Шива лежал в кровати рядом с женой — во всяком случае, сегодня она не стала засиживаться допоздна под предлогом, что будто бы не устала, — и думал, что только дурак может просить о забвении, когда еще ничего, по сути, и не началось, когда нарастающие силы только приступают к свершению возмездия. Ей просто не позволят забыть, подумал он.
Шиву разбудил топот бегущих ног. Бежали от того конца Пятой авеню, где она пересекается с Форест-роуд. По звуку он определил, что бегут двое. Голосов слышно не было. И это было странно, потому что эти люди никогда не умеряют свой голос и не стесняются в выражениях, когда на дворе глубокая ночь и все спят. Бег замедлился, как показалось, у его дома, и он вдруг подумал, что они, вполне вероятно, пишут еще какую-то гадость на ограде. Однако дважды звякнула металлическая крышка почтовой щели на входной двери, и Шива догадался, что ночные гости что-то бросили в дом — что бы это ни было. Оставалось надеяться, что это не какая-нибудь мерзость. Опять раздался топот, хлопнула калитка. Однажды он таким же образом уже получал посылку, но не открыл ее, а по размеру, весу и запаху определил, что там чьи-то внутренности, возможно, куриные потроха.

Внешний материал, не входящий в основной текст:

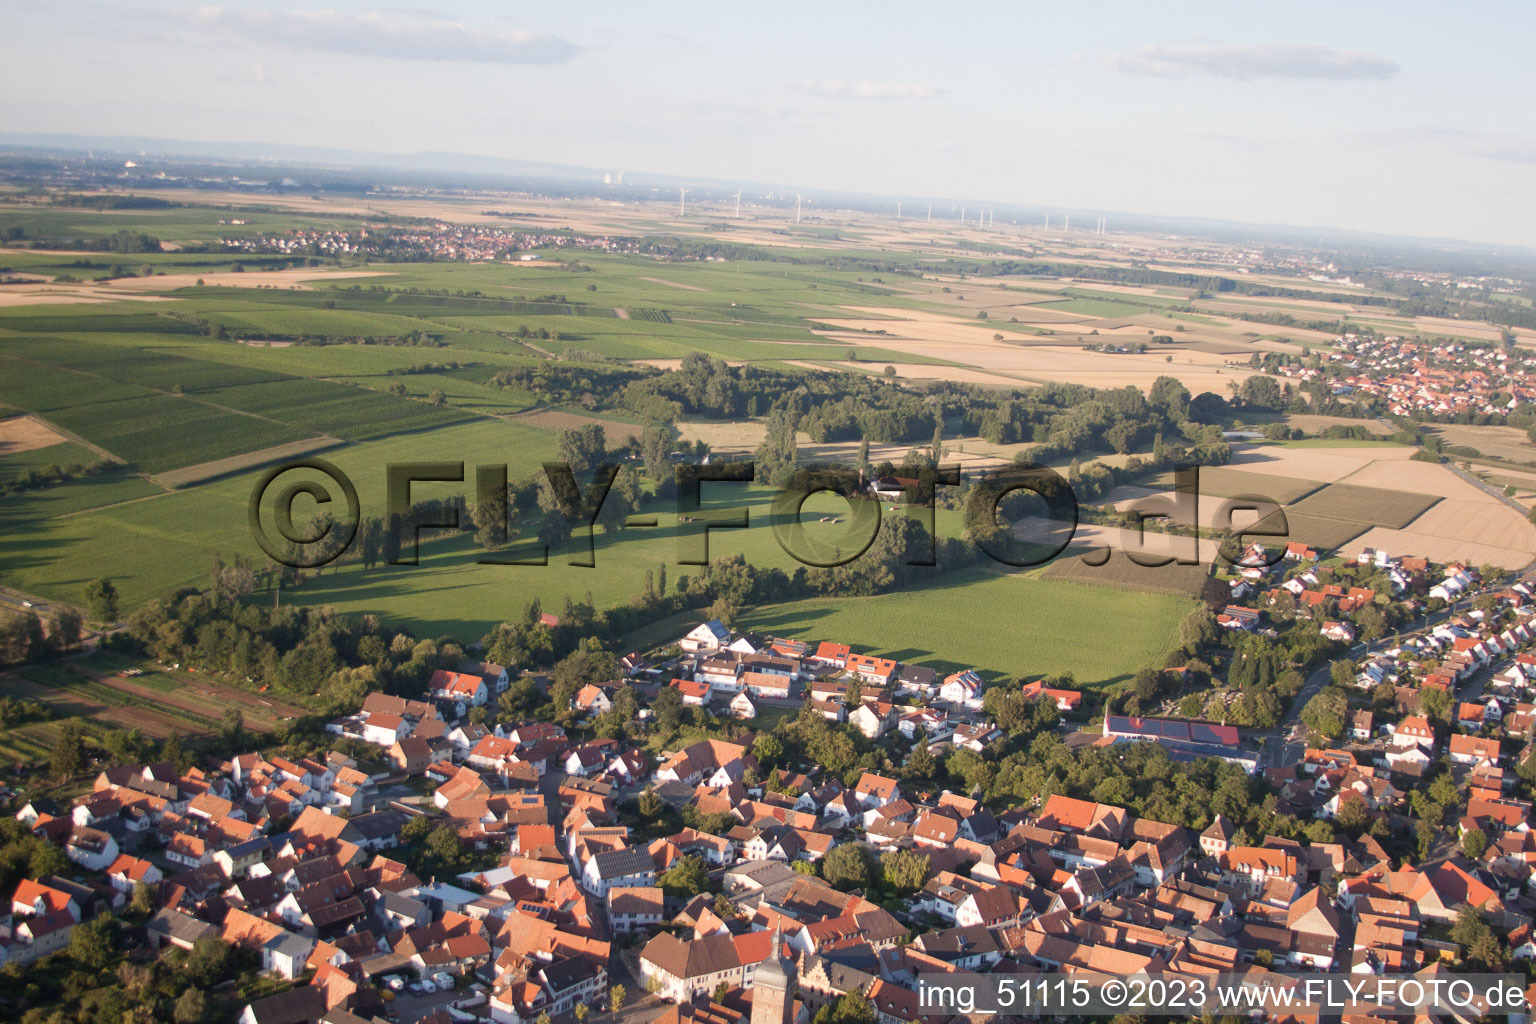 District Billigheim in Billigheim-Ingenheim in the state Rhineland-Palatinate, Germany from the plane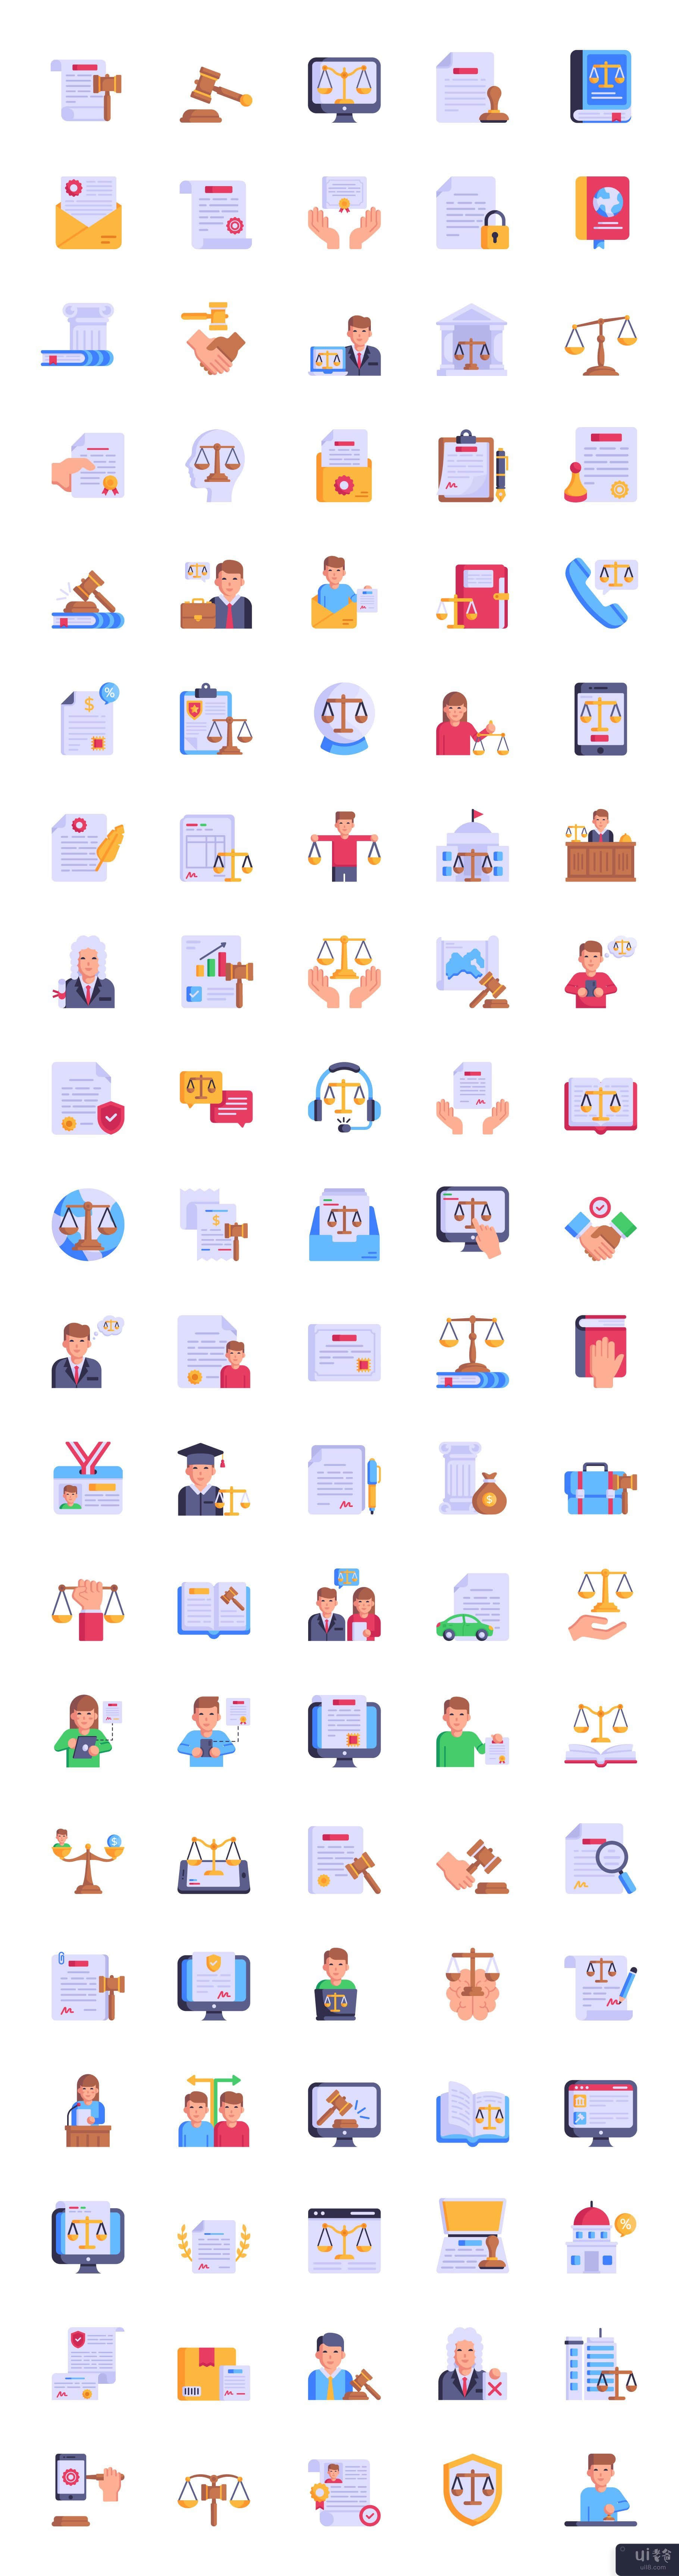 100 法律服务矢量图标(100 Legal Services Vector Icons)插图7

Опять наподдали банку. По издаваемому ею грохоту, который разбудил Лили, можно было сказать: банку не просто наподдали, по ней сильно ударили ногой и перебросили ее на другую сторону улицы. Шива включил лампу у кровати. Хоть и объятый страхом, он все же обрадовался, что жена инстинктивно прижалась к нему, схватила за руку, заглянула в глаза.
— Что-то бросили в щель, — произнес он. — Я спущусь вниз.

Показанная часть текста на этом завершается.